(Exercise materials begins)

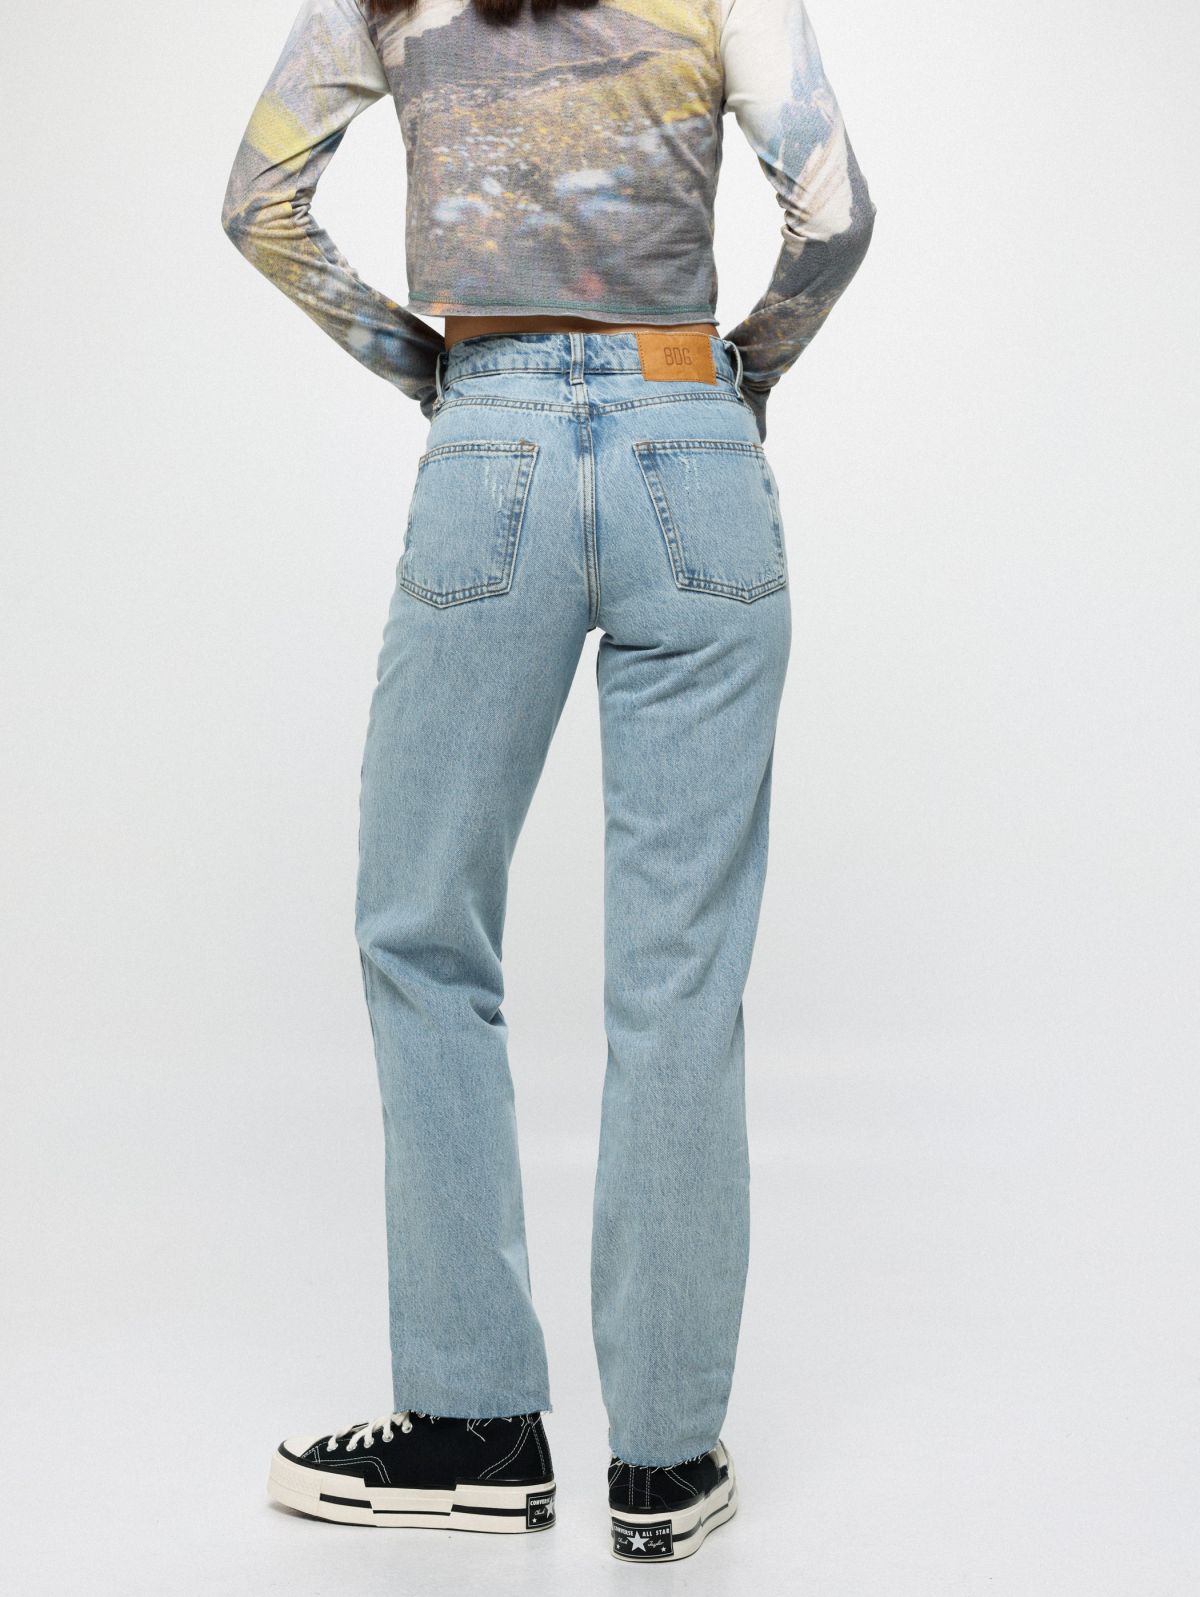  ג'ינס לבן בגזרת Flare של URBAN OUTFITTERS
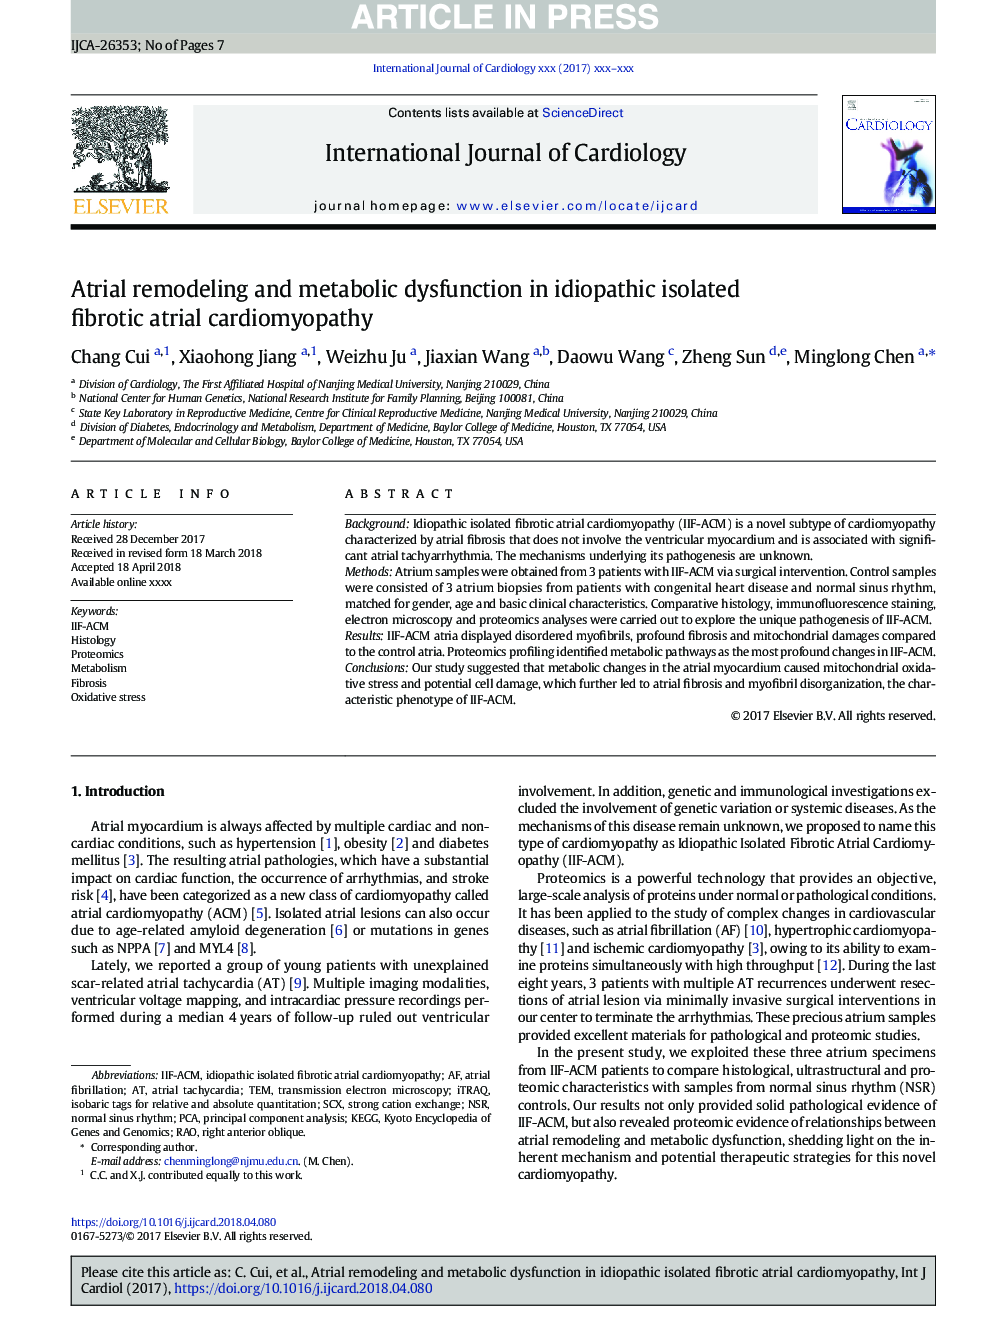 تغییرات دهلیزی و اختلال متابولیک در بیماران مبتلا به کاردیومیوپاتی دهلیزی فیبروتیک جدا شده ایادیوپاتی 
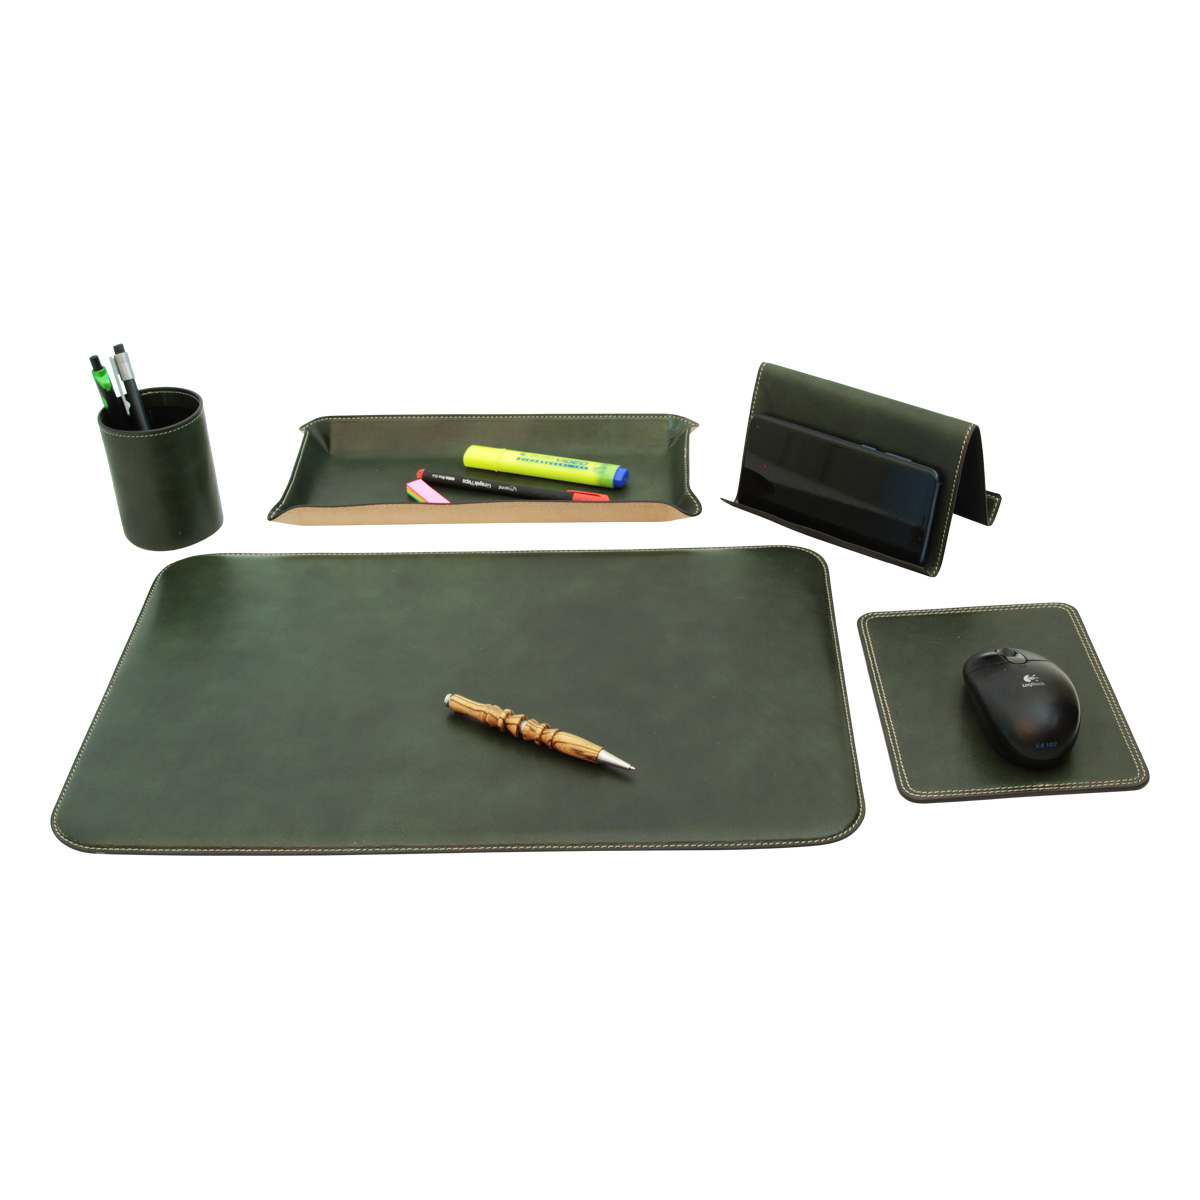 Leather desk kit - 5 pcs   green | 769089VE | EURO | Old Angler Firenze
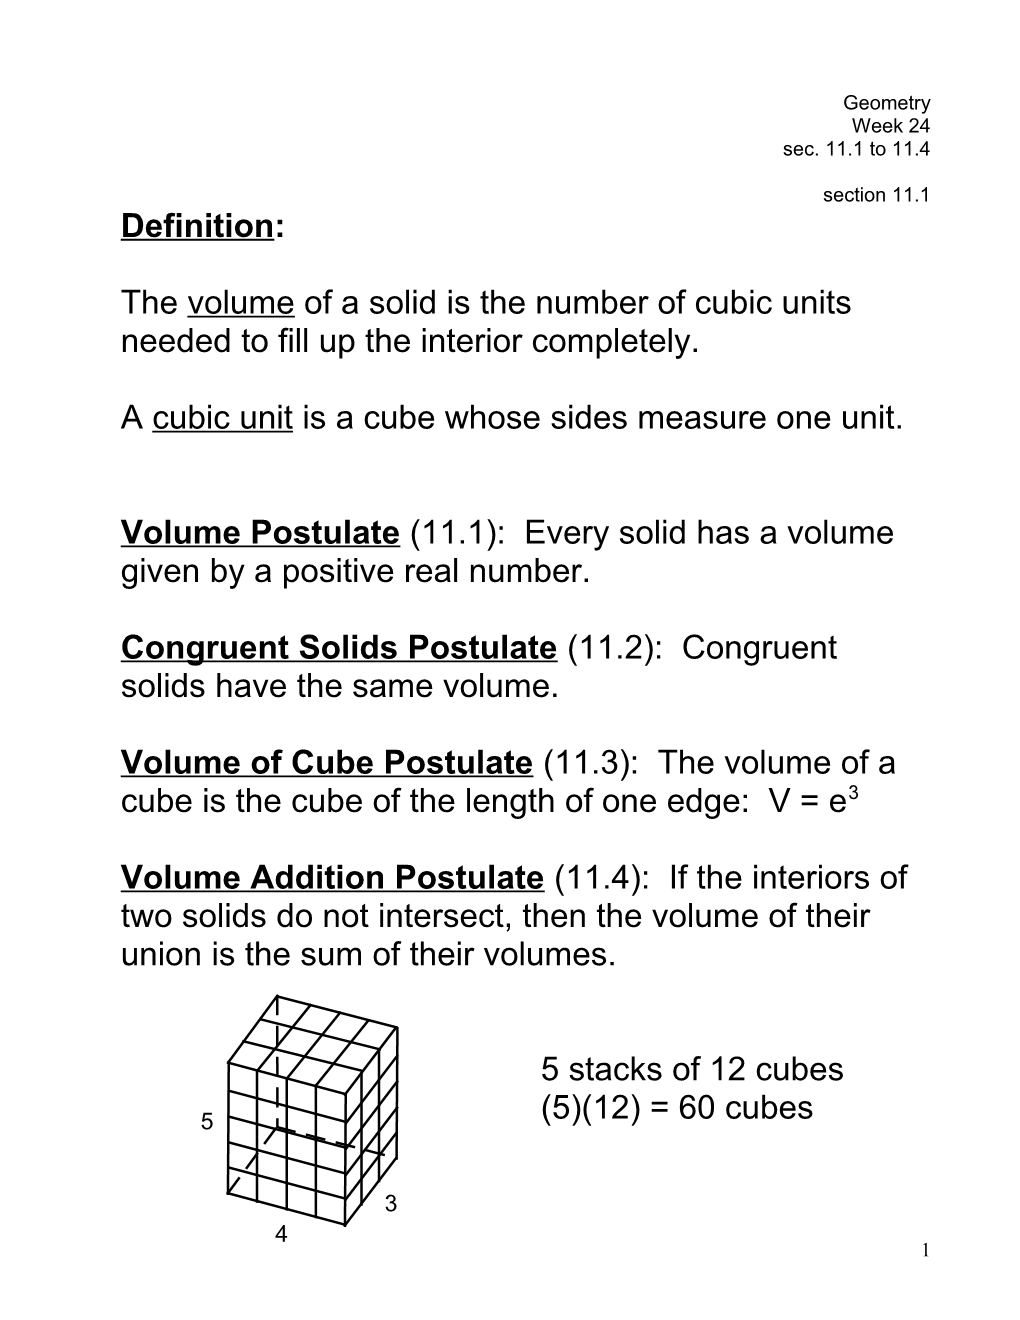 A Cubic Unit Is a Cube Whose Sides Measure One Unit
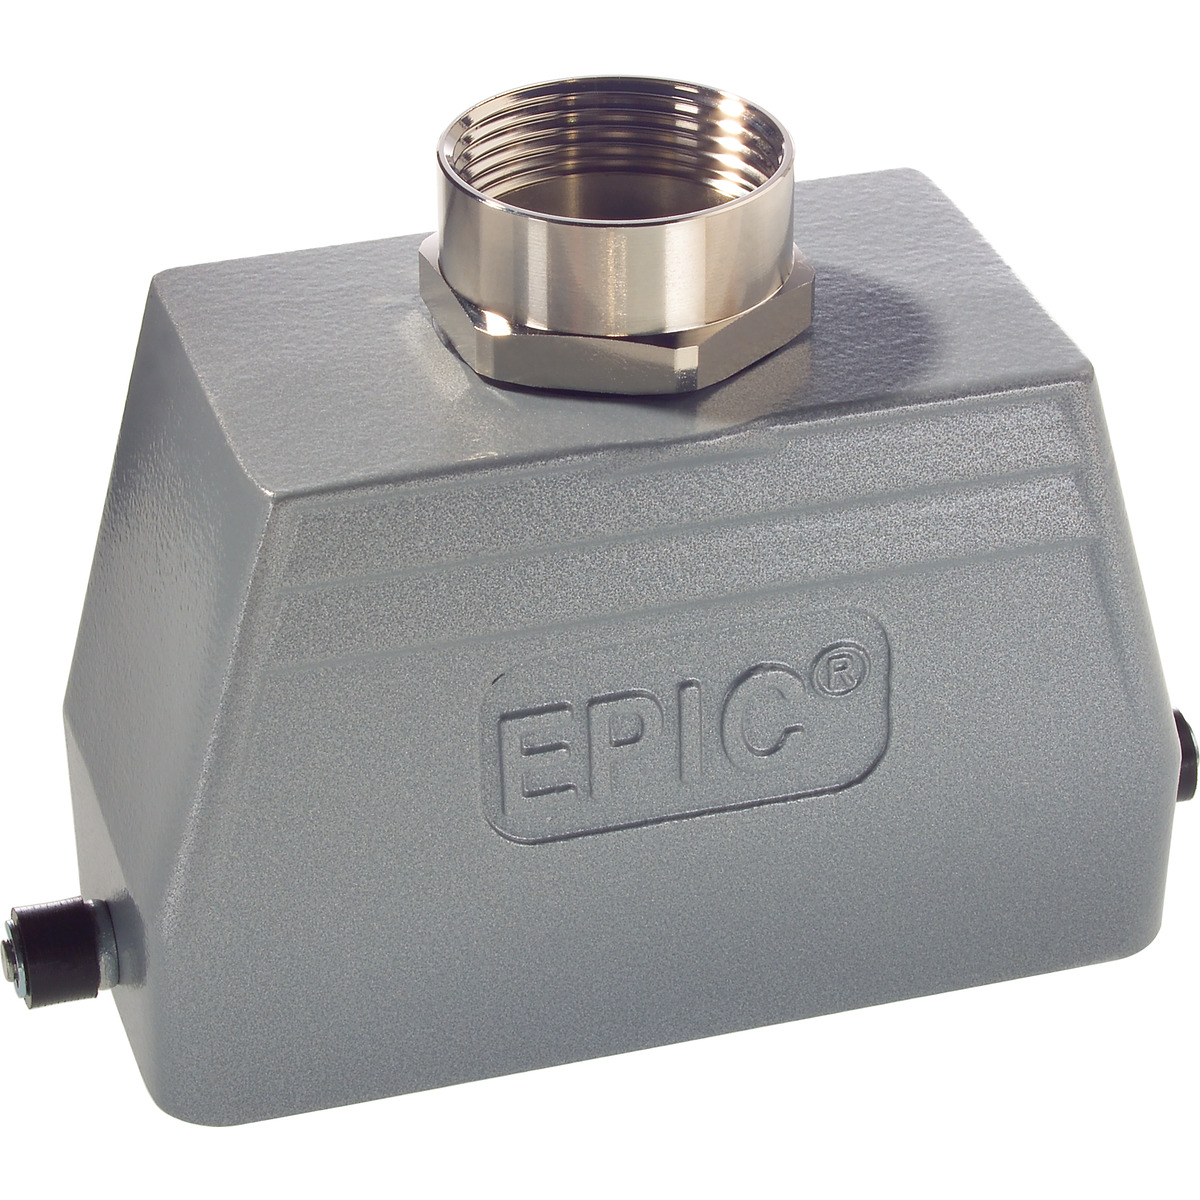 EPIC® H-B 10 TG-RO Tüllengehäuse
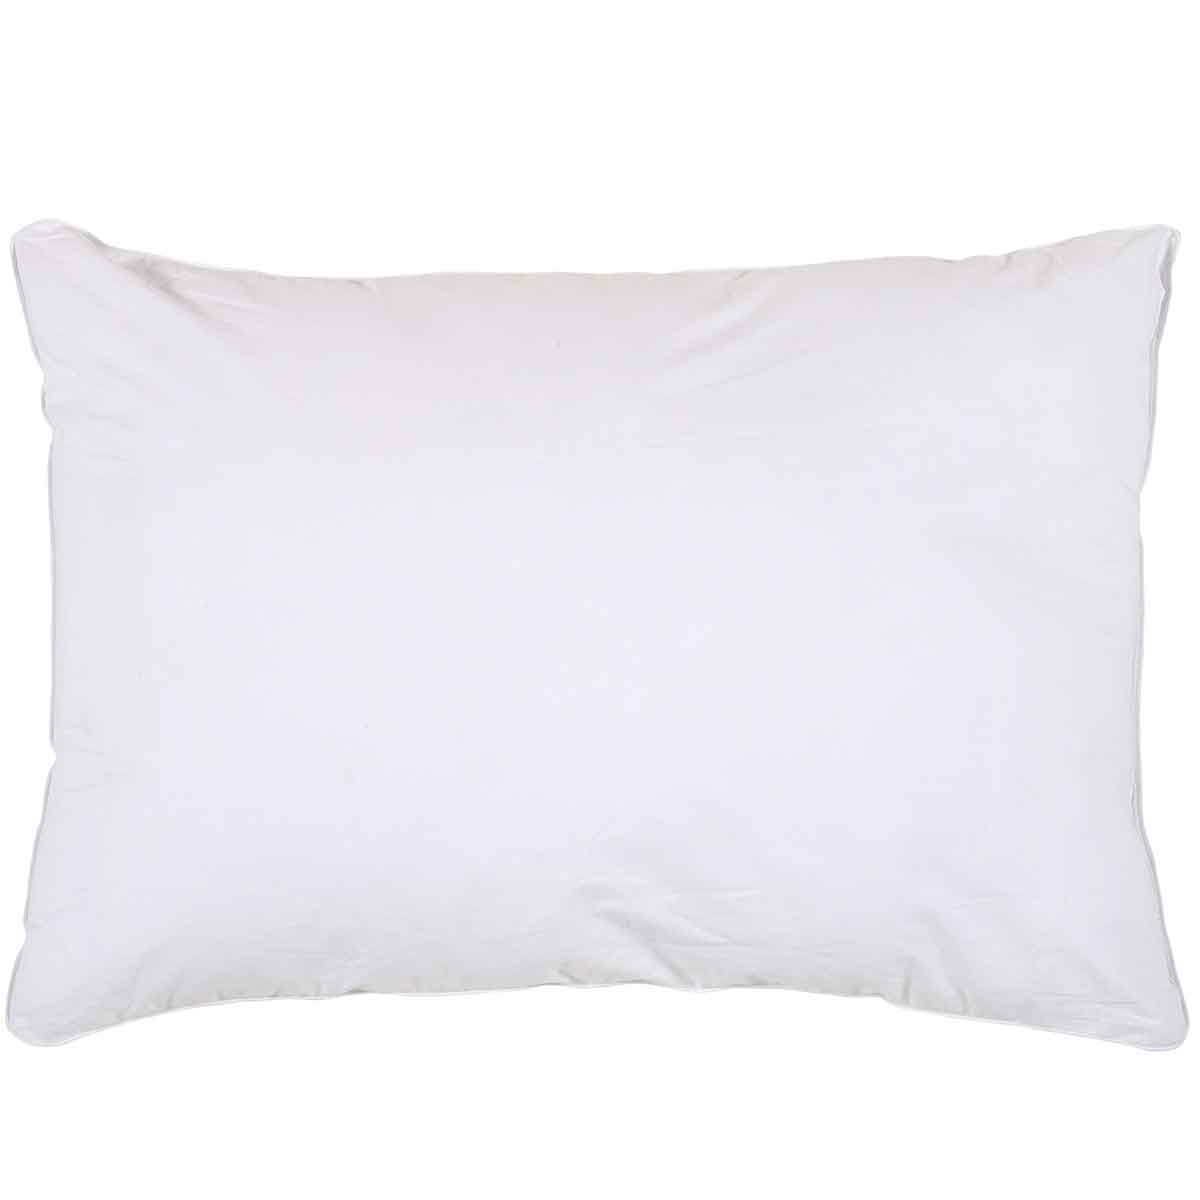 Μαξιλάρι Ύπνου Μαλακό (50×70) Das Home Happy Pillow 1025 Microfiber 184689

(Exercise materials ends)

Your assignment:
Skip the pictures, then return the rest of the data exactly.

Problem solution:
  ג'ינס לבן בגזרת Flare של URBAN OUTFITTERS
 تغییرات دهلیزی و اختلال متابولیک در بیماران مبتلا به کاردیومیوپاتی دهلیزی فیبروتیک جدا شده ایادیوپاتی 
 Leather desk kit - 5 pcs   green | 769089VE | EURO | Old Angler Firenze
 A Cubic Unit Is a Cube Whose Sides Measure One Unit
 EPIC® H-B 10 TG-RO Tüllengehäuse
 Μαξιλάρι Ύπνου Μαλακό (50×70) Das Home Happy Pillow 1025 Microfiber 184689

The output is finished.